BRASIL – Lula alerta que agenda de desenvolvimento sustentável da ONU pode se tornar um grande fracasso
O presidente defendeu uma reforma no sistema de governança global e destacou que a comunidade internacional está enfrentando múltiplas e simultâneas crises, tais como a pandemia da covid-19, a crise climática e as inseguranças alimentar e energética. Lula ressaltou que a desigualdade é a raiz desses problemas ou, ainda pior, agrava-os. Ele destacou que a Agenda 2030, considerada a mais ampla e ambiciosa ação coletiva da ONU voltada para o desenvolvimento, corre o risco de se tornar o maior fracasso da organização, pois, mesmo estando na metade do período de implementação, as metas definidas ainda estão distantes de serem alcançadas.
Diante disso, Lula ressaltou a importância de reduzir as desigualdades dentro dos países e entre eles como objetivo central da Agenda 2030. Ele afirmou que somente através da indignação é que será possível superar a desigualdade e transformar efetivamente o mundo ao nosso redor. O presidente enfatizou que a ONU precisa cumprir seu papel na construção de um mundo mais justo, solidário e fraterno, mas para isso, seus membros devem ser corajosos o suficiente para proclamar sua indignação com a desigualdade e trabalhar incansavelmente para superá-la.

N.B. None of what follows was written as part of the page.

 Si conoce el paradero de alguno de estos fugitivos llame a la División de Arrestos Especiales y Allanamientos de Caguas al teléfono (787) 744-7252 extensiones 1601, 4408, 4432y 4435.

Além disso, Lula ressaltou o compromisso do Brasil em enfrentar os principais desafios globais. Ele citou programas e ações implementados pelo governo brasileiro, como o Brasil sem Fome, o Bolsa Família, a taxação de super-ricos, a busca pela igualdade salarial entre homens e mulheres, o combate ao feminicídio e a defesa dos direitos de grupos LGBTQI+ e pessoas com deficiência. Lula também reafirmou o compromisso do Brasil em implementar os 17 objetivos de desenvolvimento sustentável de maneira integrada e indivisível, e expressou o desejo de alcançar a igualdade racial como um décimo oitavo objetivo.
No que diz respeito às mudanças climáticas, Lula cobrou dos países ricos o cumprimento dos compromissos assumidos internacionalmente, como a doação de US$ 100 bilhões por ano para países em desenvolvimento preservarem suas florestas. Ele destacou que esses recursos continuam sendo apenas uma promessa e ressaltou a necessidade de corrigir os rumos e implementar o que já foi acordado. Lula enfatizou que a ação contra as mudanças climáticas implica enfrentar desigualdades históricas e defendeu a atuação conjunta para promover um modelo de desenvolvimento socialmente justo e ambientalmente sustentável.
O presidente brasileiro também mencionou a Cúpula da Amazônia, realizada em agosto em Belém, onde os países da região lançaram uma agenda comum de colaboração para combater o desmatamento e promover a inclusão produtiva dos povos da região, com base na soberania sobre os territórios.
O discurso de Lula ocorreu durante o debate geral da Assembleia Geral da ONU, cujo tema deste ano é “Reconstruir a confiança e reacender a solidariedade global: acelerando ações para a Agenda 2030 e seus Objetivos de Desenvolvimento Sustentável rumo à paz, prosperidade, ao progresso e à sustentabilidade para todos”. Nesse contexto, os líderes dos Estados-membros são convidados a discursar para expor suas visões e preocupações diante do sistema multilateral.
É importante ressaltar que o governo brasileiro tradicionalmente faz o primeiro discurso da Assembleia das Nações Unidas, seguido pelo presidente dos Estados Unidos. Neste ano, essa tradição foi mantida, sendo a oitava vez que o presidente Lula abre o debate geral dos chefes de Estado. Durante seus mandatos anteriores, Lula esteve presente no evento todos os anos de 2003 a 2009. O presidente brasileiro também aproveitou a visita a Nova York para participar de reuniões com empresários e autoridades estrangeiras, além de encontros com o presidente da Ucrânia, Volodimir Zelensky, e o presidente dos Estados Unidos, Joe Biden. Durante essa visita, Lula e Biden lançaram uma iniciativa global para promover o trabalho decente.